A myth about their life can lead you to unnecessarily question yours

A myth about their life can lead you to unnecessarily question yours

The word “facade” is defined as “a false, superficial or artificial appearance or effect”. While often used to describe a building’s exterior, it’s also used to define people’s obsessive desire to create, and sadly, support a myth about their life.

We use heavy cosmetics, altering surgeries, hair dye, fad diets and clothing to help conceal from the world our real earthly age.

We burden ourselves with credit card debt, auto loans and home loans with the misguided notion that material possessions will convey to others that we’re wealthier and more successful than we really are.

We exude an air of over confidence, dominance and conceit at home and at work in an attempt to hide the demons of insecurity which plague our everyday life.

Where’s the danger in all this you might ask? 

It’s important to remember that myths are nothing more than “an imaginary or fictitious thing or person”. When people – especially those flaunting themselves on social media platforms – begin supporting a myth about their life, they’re supporting something imaginary and fictitious. In short, they’re living a lie.
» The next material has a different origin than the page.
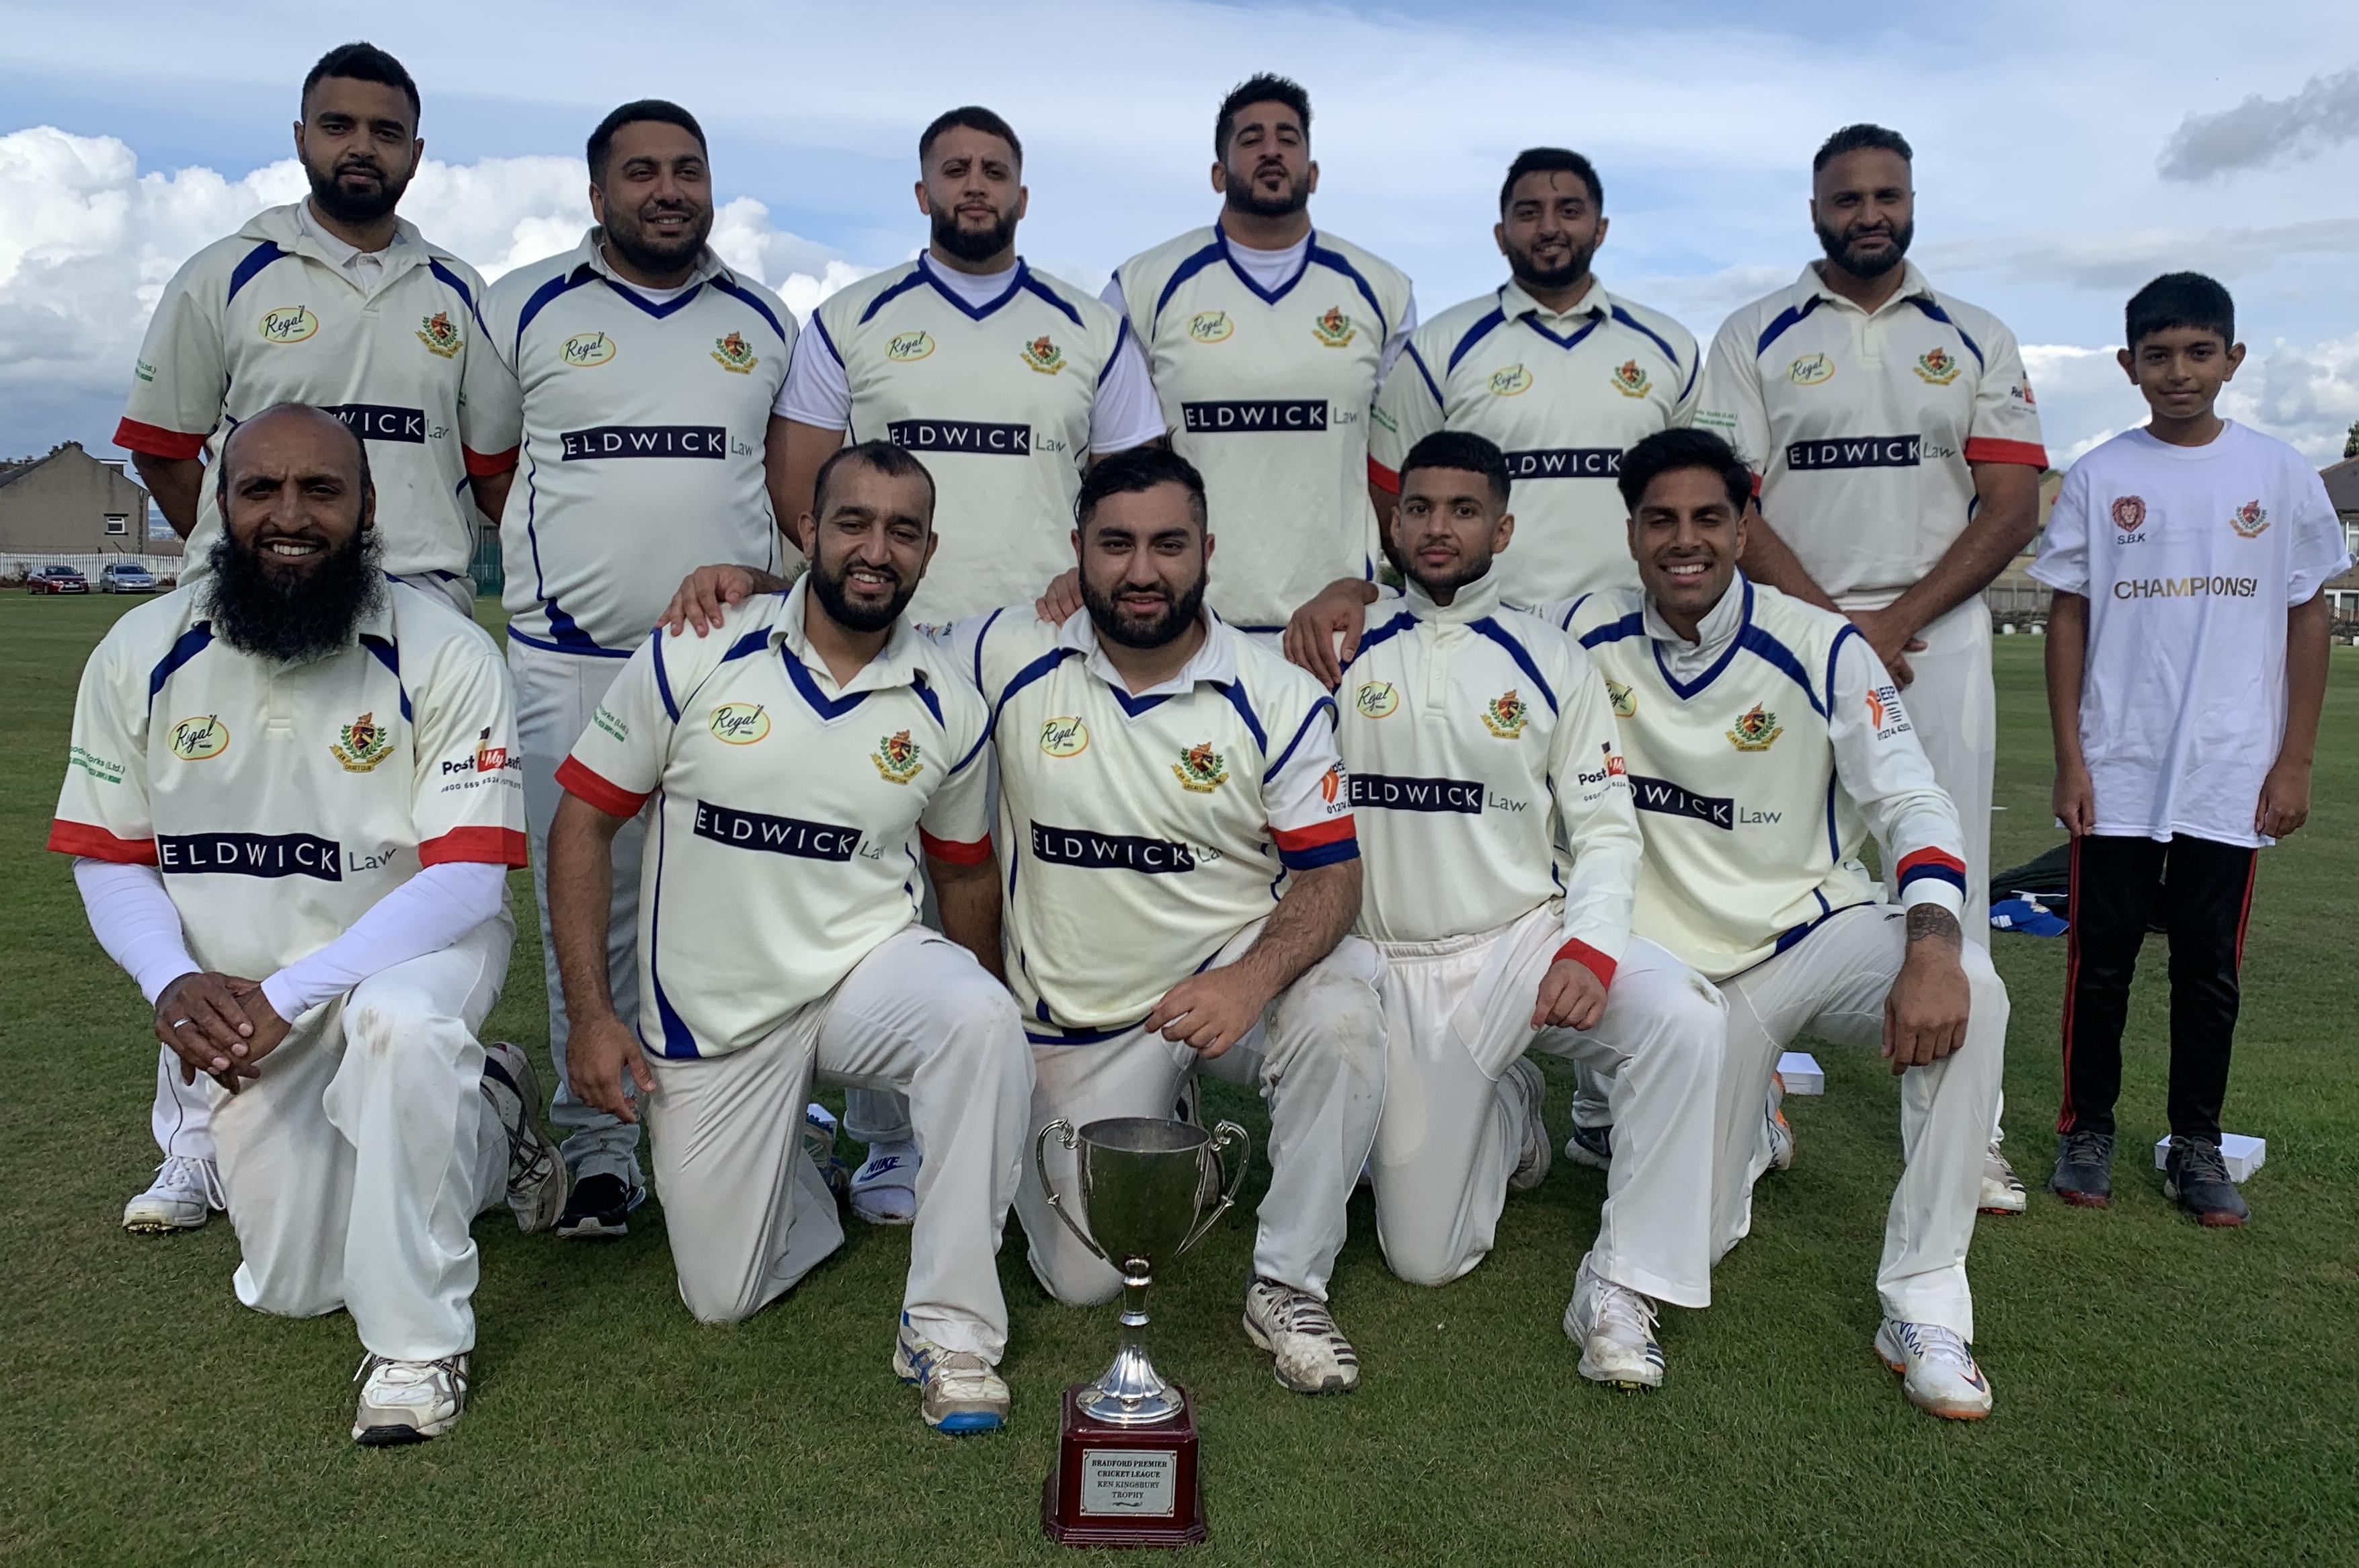 Second Teams Division One champions

Where the danger comes in is simple really. Reality is only known by the myth teller – not those lacking self-confidence and self-worth, who are naively taken by the story being told.
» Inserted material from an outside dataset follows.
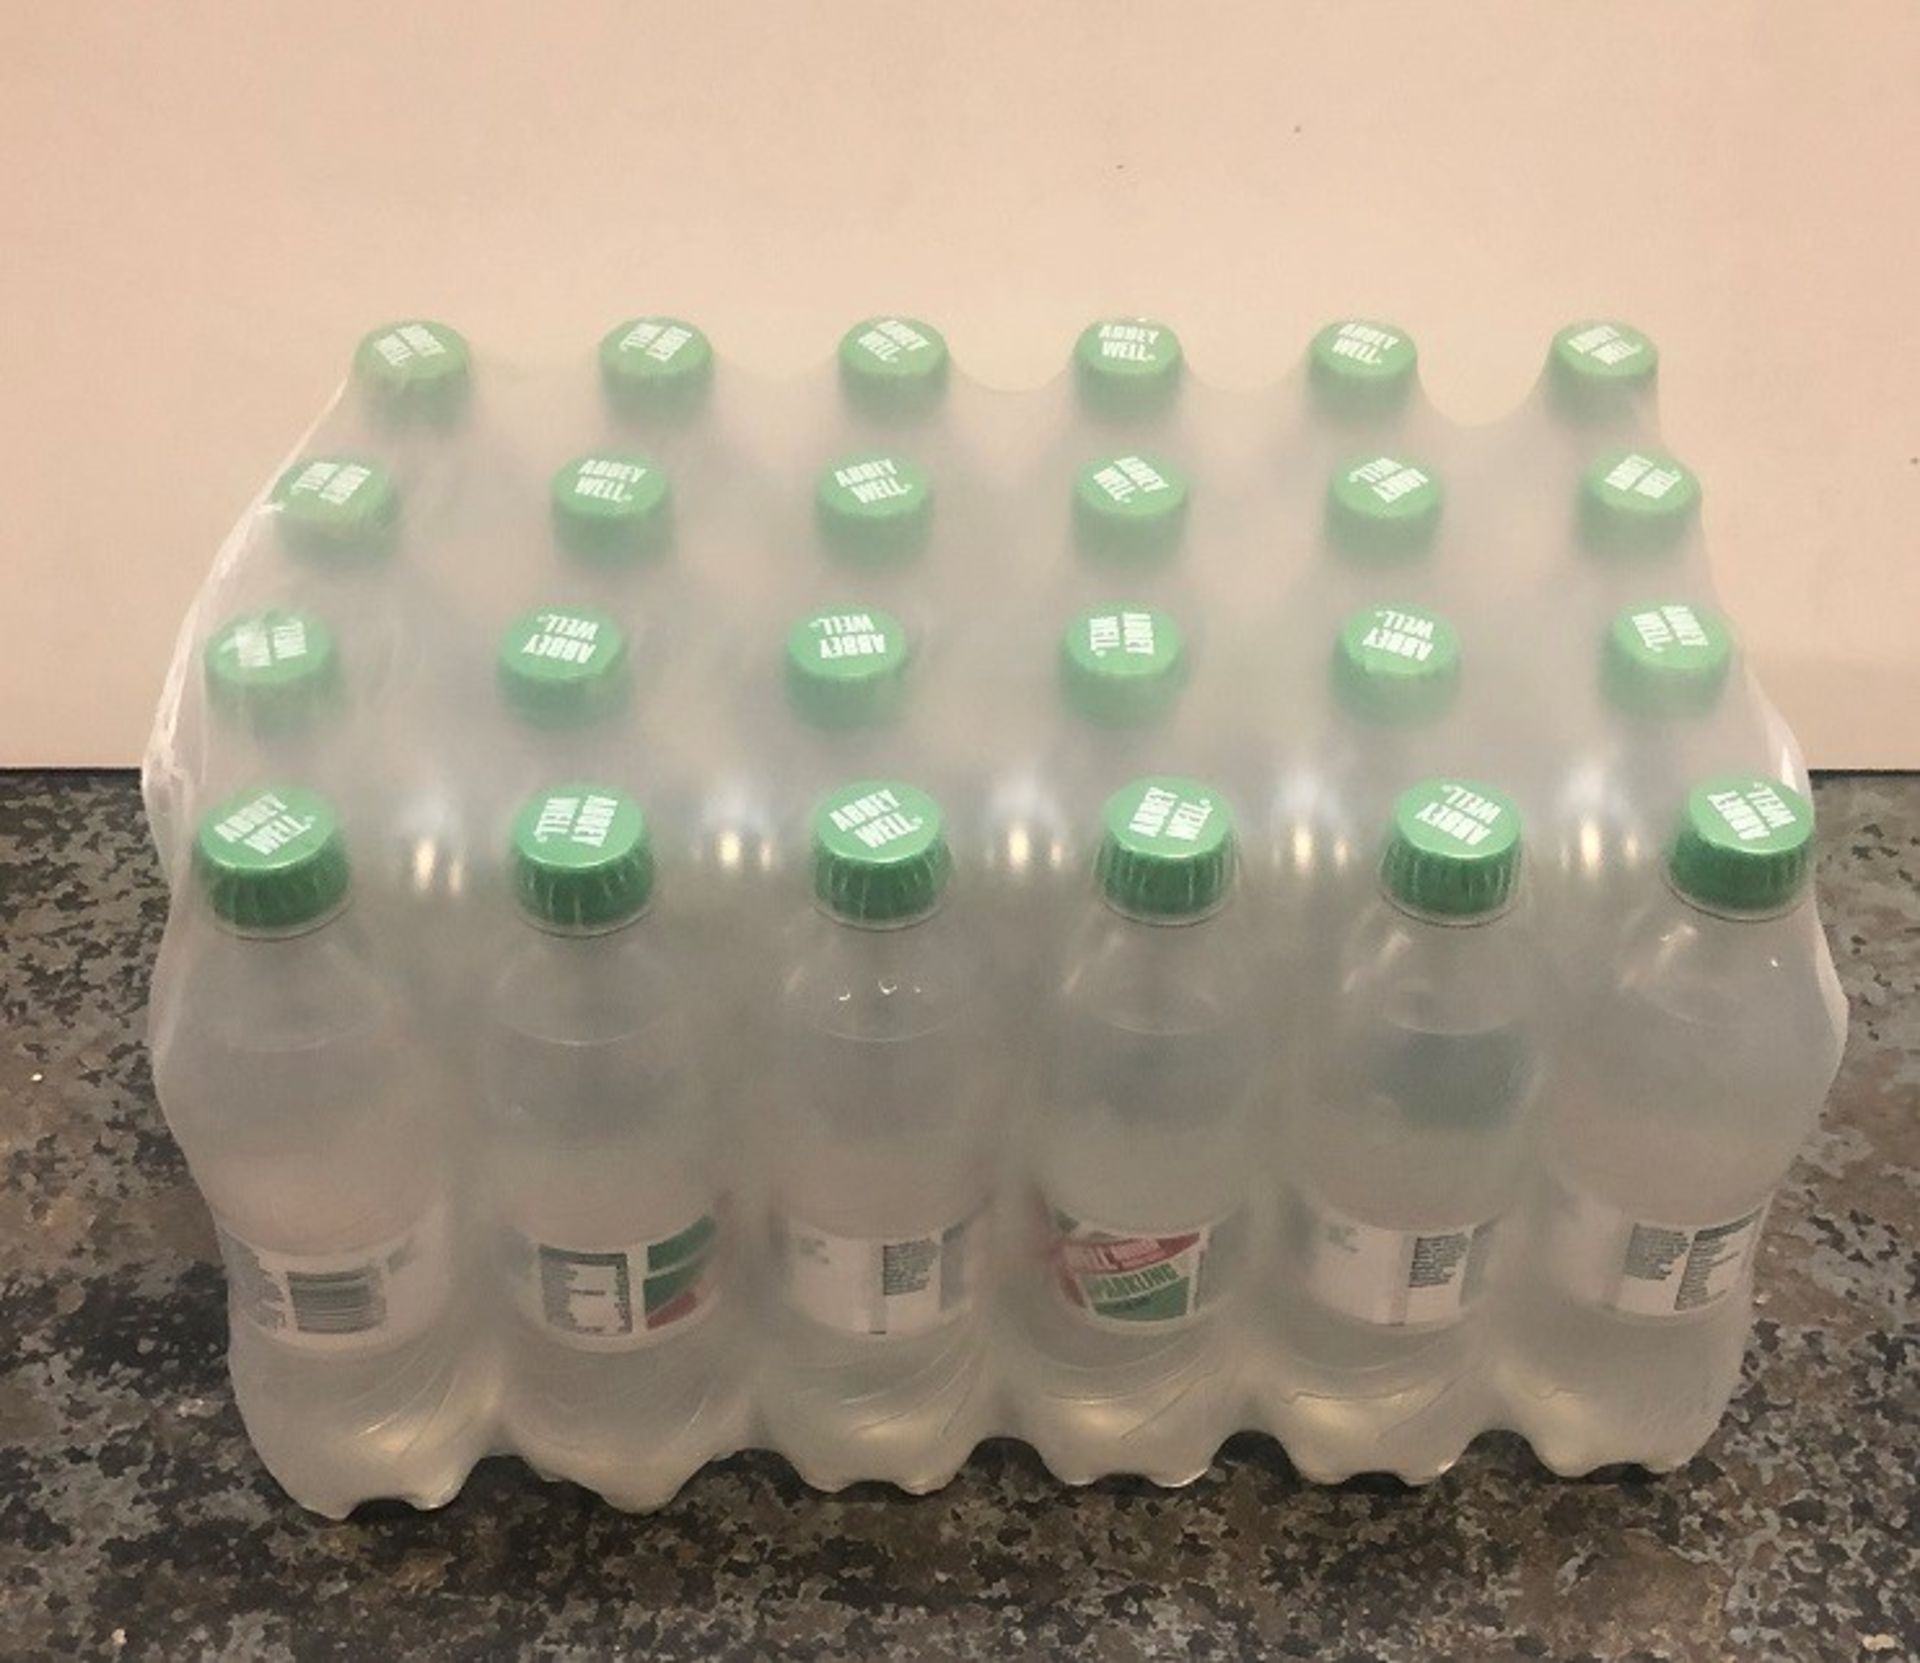 1 LOT TO CONTAIN 12 LARGE PACKS OF ABBEY WELL SPARKLING WATER / 24 BOTTLES PER PACK / BEST BEFORE:

Suddenly, they begin to attack themselves over the shortcomings they see when measured against those who appear “perfect” online. They become unnecessarily critical of themselves – mocking their appearance, their accomplishments, their very place in this world based on nothing more than a fictitious storyline manufactured to elicit envy and jealousy from others in an attempt to increase their own self-worth.

In Fredrik Backman’s book Anxious People, he says, “The truth of course is that if people really were as happy as they look on the Internet, they wouldn’t spend so much damn time on the Internet, because no one who’s having a really good day spends half of it taking pictures of themselves. Anyone can nurture a myth about their life if they have enough manure, so if the grass looks greener on the other side of the fence, that’s probably because it’s full of shit.”

Sadly, far too many of us allow people’s myth about their life to cloud our own vision from what’s real and what’s imaginary. We create theories in our head that somehow their lives must be better than ours based on nothing more than a well-posed photograph undoubtedly meant to hide what’s factual.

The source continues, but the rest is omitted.